More information about SBCL is available at <http://www.sbcl.org/>.

SBCL is free software, provided as is, with absolutely no warranty.
It is mostly in the public domain; some portions are provided under
BSD-style licenses.  See the CREDITS and COPYING files in the
distribution for more information.
* (defun fact (n &optional (r 1))
	(if (< n 2) r
		(fact (1- n) (* r n))))

FACT
* (time (and (fact 100000) t))

Evaluation took:
   9.696 seconds of real time
   9.192575 seconds of user run time
   0.504031 seconds of system run time
   [Run times include 0.904 seconds GC run time.]
   0 calls to %EVAL
   0 page faults and
   9,931,045,056 bytes consed.
T

Saint GMP, Batman!

> $ gsi
> Gambit v4.0.1
> 
>  > (define (fact n)
>     (let f ((n n) (r 1))
>       (if (< n 2) r
>          (f (- n 1) (* r n)))))
>  > (time (and (fact 100000) #t))
> (time (and (fact 100000) #t))
>     56927 ms real time
>     56234 ms cpu time (45247 user, 10987 system)
>     15321 collections accounting for 4615 ms real time (2809 user, 1739 
> system)
>     9979093064 bytes allocated
>     no minor faults
>     no major faults
> #t

I was really surprised at this so I had to check it out for myself! gsi 
truly gives about the same time as code compiled by gsc and gcc!
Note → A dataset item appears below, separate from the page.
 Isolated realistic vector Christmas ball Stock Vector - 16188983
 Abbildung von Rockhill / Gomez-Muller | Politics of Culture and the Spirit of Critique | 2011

BTW, guys, this is an extensive paper on a number of algorithms for 
factorial that give much better performance:

http://www.cs.berkeley.edu/~fateman/papers/factorial.pdf

You facts will never be the same again... bwahahahaa

From: higepon
Subject: Re: ANN: Mosh 0.1.0 released - A Fast R6RS Scheme interpreter
Date: 
Message-ID: <b15b3e97-d0fd-4418-b3dd-ecf2adf0cea0@q33g2000pra.googlegroups.com>
Sorry I tried my Mosh 0.1.0 on my Ubuntu 9.04 (libgmp.so.3.4.4)
It works without memory swapping!

% mosh
mosh>(import (mosh))
#<unspecified>
mosh>(define (fact n)
             (let f ((n n) (r 1))
               (if (< n 2) r
                  (f (- n 1) (* r n)))))
#<unspecified>
mosh>(time (and (fact 100000) #t))y

;;40.426059 real 40.186512 user 0.100006 sys


% mzscheme
Welcome to MzScheme v4.1.3 [3m], Copyright (c) 2004-2008 PLT Scheme
Inc.
>       (define (fact n)
             (let f ((n n) (r 1))
               (if (< n 2) r
                  (f (- n 1) (* r n)))))
         (time (and (fact 100000) #t))
> cpu time: 61291 real time: 61475 gc time: 10828

namekuseijin's case can be GC problem.
Mosh uses Boehm GC. And it needs proper configuration flags for each
operating systems.
Will you please show me your "uname -ar" ?


Thomas Lord wrote:

> Not to impose but
> please consider writing up
> a brief description of the implementation
>with special attention to what makes it fast
>and to what the low-level (sub-scheme) interface
>to the run-time system is like.

Sure.

Mosh uses Psyntax written by Abdulaziz Ghuloum for frontend.
It helps to expand R6RS library system and syntax-case.
Good library thanks.

Backend is a simple stack VM with many optimizations.
Eg.
- procedure inlining
- constant folding
- jump destination peephole optimaztion
- instruction unification
- direct threded code
- gloc

Source files http://code.google.com/p/mosh-scheme/source/browse/trunk
- instruction.scm: Mosh's instruction set.
- VM-Run.cpp: VM loop.
- compiler.scm: compiler
- vm.scm: subset of VM written in C++

It uses Boehm GC for memory manament.

Cheers.
From: Vend
Subject: Re: ANN: Mosh 0.1.0 released - A Fast R6RS Scheme interpreter
Date: 
Message-ID: <154cdf43-eaa4-4f27-b30a-e117c93dc311@o27g2000vbd.googlegroups.com>
On 4 Mag, 04:03, higepon <·······@gmail.com> wrote:
> Sorry I tried my Mosh 0.1.0 on my Ubuntu 9.04 (libgmp.so.3.4.4)
> It works without memory swapping!
>
> % mosh
> mosh>(import (mosh))
> #<unspecified>
> mosh>(define (fact n)
>              (let f ((n n) (r 1))
>                (if (< n 2) r
>                   (f (- n 1) (* r n)))))
> #<unspecified>
> mosh>(time (and (fact 100000) #t))y
>
> ;;40.426059 real 40.186512 user 0.100006 sys
>
> % mzscheme
> Welcome to MzScheme v4.1.3 [3m], Copyright (c) 2004-2008 PLT Scheme
> Inc.>       (define (fact n)
>
>              (let f ((n n) (r 1))
>                (if (< n 2) r
>                   (f (- n 1) (* r n)))))
>          (time (and (fact 100000) #t))
>
> > cpu time: 61291 real time: 61475 gc time: 10828
>
> namekuseijin's case can be GC problem.
> Mosh uses Boehm GC. And it needs proper configuration flags for each
> operating systems.
> Will you please show me your "uname -ar" ?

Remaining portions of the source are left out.